But I will let others comment on the overall idea and/or other
alternatives before sending a possible v2.
Derrick Stolee Oct. 25, 2021, 4:40 p.m. UTC | #2
On 10/21/2021 10:28 PM, Matheus Tavares wrote:
> On Mon, Oct 18, 2021 at 6:28 PM Sean Christopherson <seanjc@google.com> wrote:
>>
>> $ cat .git/info/sparse-checkout
>> !arch/*
>> !tools/arch/*
>> !virt/kvm/arm/*
>> /*
>> arch/.gitignore
>> arch/Kconfig
>> arch/x86
>> tools/arch/x86
>> tools/include/uapi/linux/kvm.h
>> !Documentation
>> !drivers
>>
>> $ git read-tree -mu HEAD
>>
>> $ rm arch/x86/kvm/x86.c
> [...]
>> $ git add arch/x86
>> The following paths and/or pathspecs matched paths that exist
>> outside of your sparse-checkout definition, so will not be
>> updated in the index:
>> arch/x86
> 
> I think the problem may be that we are performing pattern matching
> slightly different in add, mv, and rm, in comparison to "git
> sparse-checkout". On "git sparse-checkout init" (or reapply), we call
> clear_ce_flags() which calls path_matches_pattern_list() for each
> component of the working tree paths. If the full path gives a match
> result of UNDECIDED, we recursively try to use the match result from
> the parent dir (or NOT_MATCHED if we reach the top with UNDECIDED).

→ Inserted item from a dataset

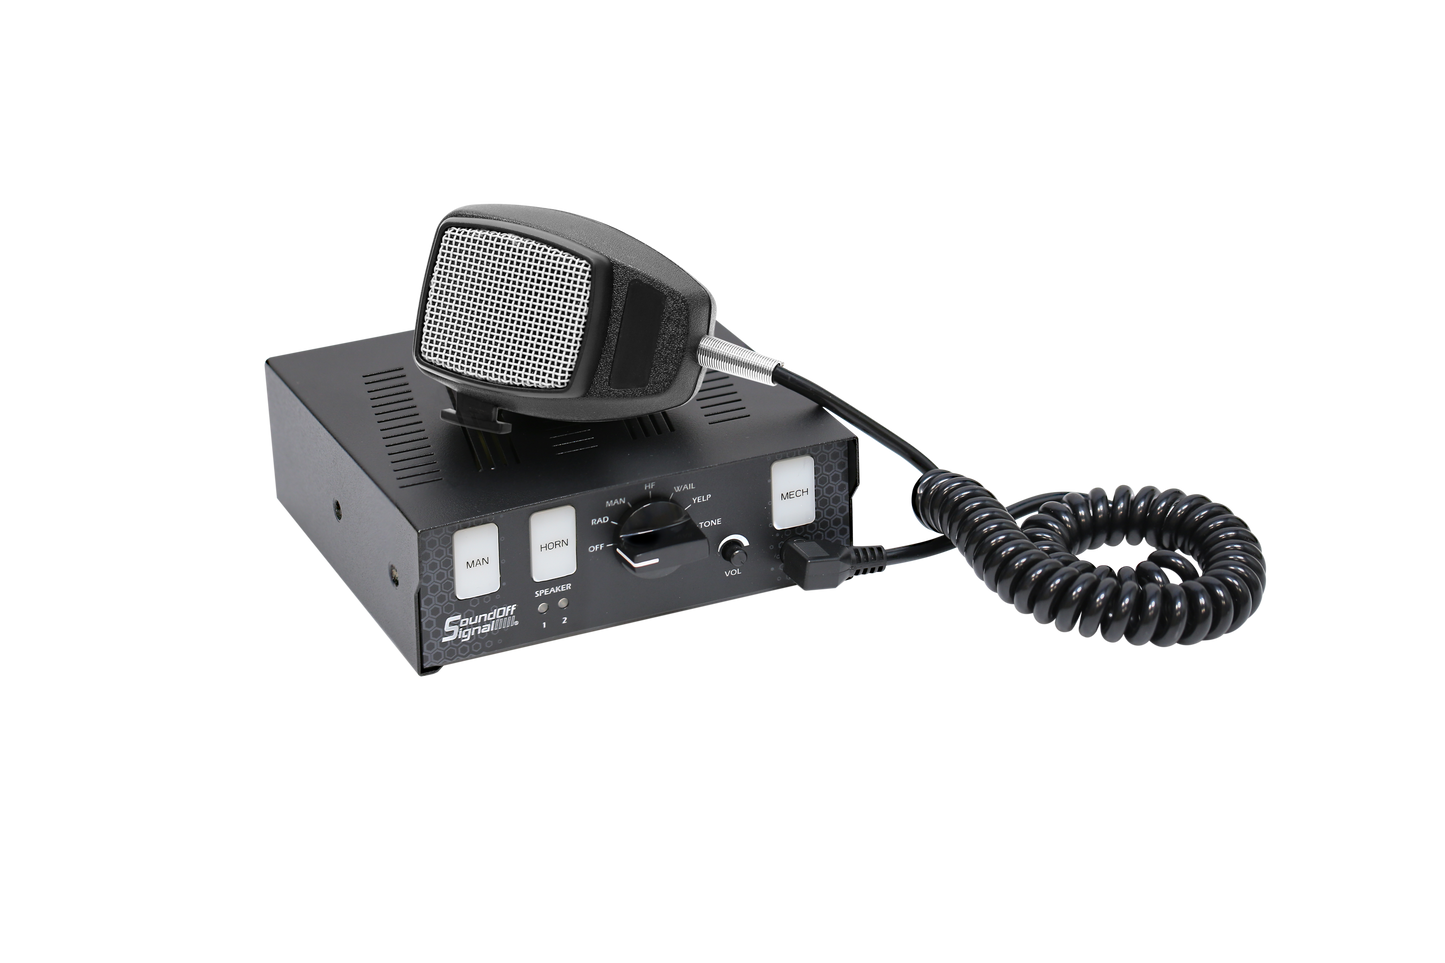 Soundoff Signal ETSAFR100 Fr100 Series Siren W/ Pa Function, 200 Watt Single Tone, Sae J1849, Ca Title 13 & Ece R10

Yes! I think this is absolutely the problem. Thanks for pointing
this out!
 
> In Sean's example, we get UNDECIDED for "arch/x86/kvm/x86.c", but
> "arch/x86" gives MATCHED, so we end up using that for the full path.
> 
> However, in add|mv|rm we only call path_matches_pattern_list() for the
> full path and get UNDECIDED, which we consider the same as NOT_MATCHED,
> and end up disallowing the path update operation with a warning message.
> 
> The commands do work if we replace the sparsity pattern "arch/x86" with
> "arch/x86/" (with a trailing slash), but note that it only works
> because the pattern is relative to the root (see dir.c:1297). If we
> change it to "x86/", it would no longer work.
> 
> So far, the only way I could think of to fix this would be to perform
> pattern matching for the leading components of the paths too. That
> doesn't seem very nice, though, as it can probably be quite expensive...
> But here is a patch for discussion:

I agree that it is expensive, but that's already the case for the
non-cone sparse-checkout patterns. Hopefully it is sufficient that
these cases are restricted to modified files (in the case of `git add .`)
or specific pathspecs (in the case of `git mv` and `git rm`).

> -- >8 --
> Subject: [RFC PATCH] add|rm|mv: fix bug that prevent the update of non-sparse dirs
> 
> These three commands recently learned to avoid updating paths that do
> not match the sparse-checkout patterns even if they are missing the
> SKIP_WORKTREE bit. This is done using path_in_sparse_checkout(), which
> tries to match the path with the current set of sparsity rules using
> path_matches_pattern_list(). This is similar to what clear_ce_flags()
> does when we run "git sparse-checkout init" or "git sparse-checkout
> reapply". But note that clear_ce_flags() has a recursive behavior,
> calling path_matches_pattern_list() for each component in a path,
> whereas path_in_sparse_checkout() only calls it for the full path. This
> makes the function miss matches such as the one between path "a/b/c" and
> the pattern "b/". So if the user has the sparsity rules "!/a" and "b/",
> for example, add, rm, and mv will fail to update the path "a/b/c" and
> end up displaying a warning about "a/b/c" being outside the sparse
> checkout even though it isn't. Note that this problem only occurs with
> non-cone mode.
> 
> Fix this by making path_in_sparse_checkout() perform pattern matching
> for every component in the given path when cone mode is disabled. (This
> can be expensive, and we might want to do some form of caching for the
> match results of the leading components. However, this is not
> implemented in this patch.) Also add two tests for each command (add,
> rm, and mv) to check that they behave correctly with the said pattern
> matching. The first test would previously fail without this patch, while
> the second already succeeded. It is added mostly to make sure that we
> are not breaking the existing pattern matching for directories that are
> really sparse, and also as a protection against any future
> regressions.
> 
> Note that two other existing tests had to be changed: one test in t3602
> checks that "git rm -r <dir>" won't remove sparse entries, but it
> didn't allow the non-sparse entries inside <dir> to be removed. The
> other one, in t7002, tested that "git mv" would correctly display a
> warning message for sparse paths, but it accidentally expected the
> message to include two non-sparse paths as well.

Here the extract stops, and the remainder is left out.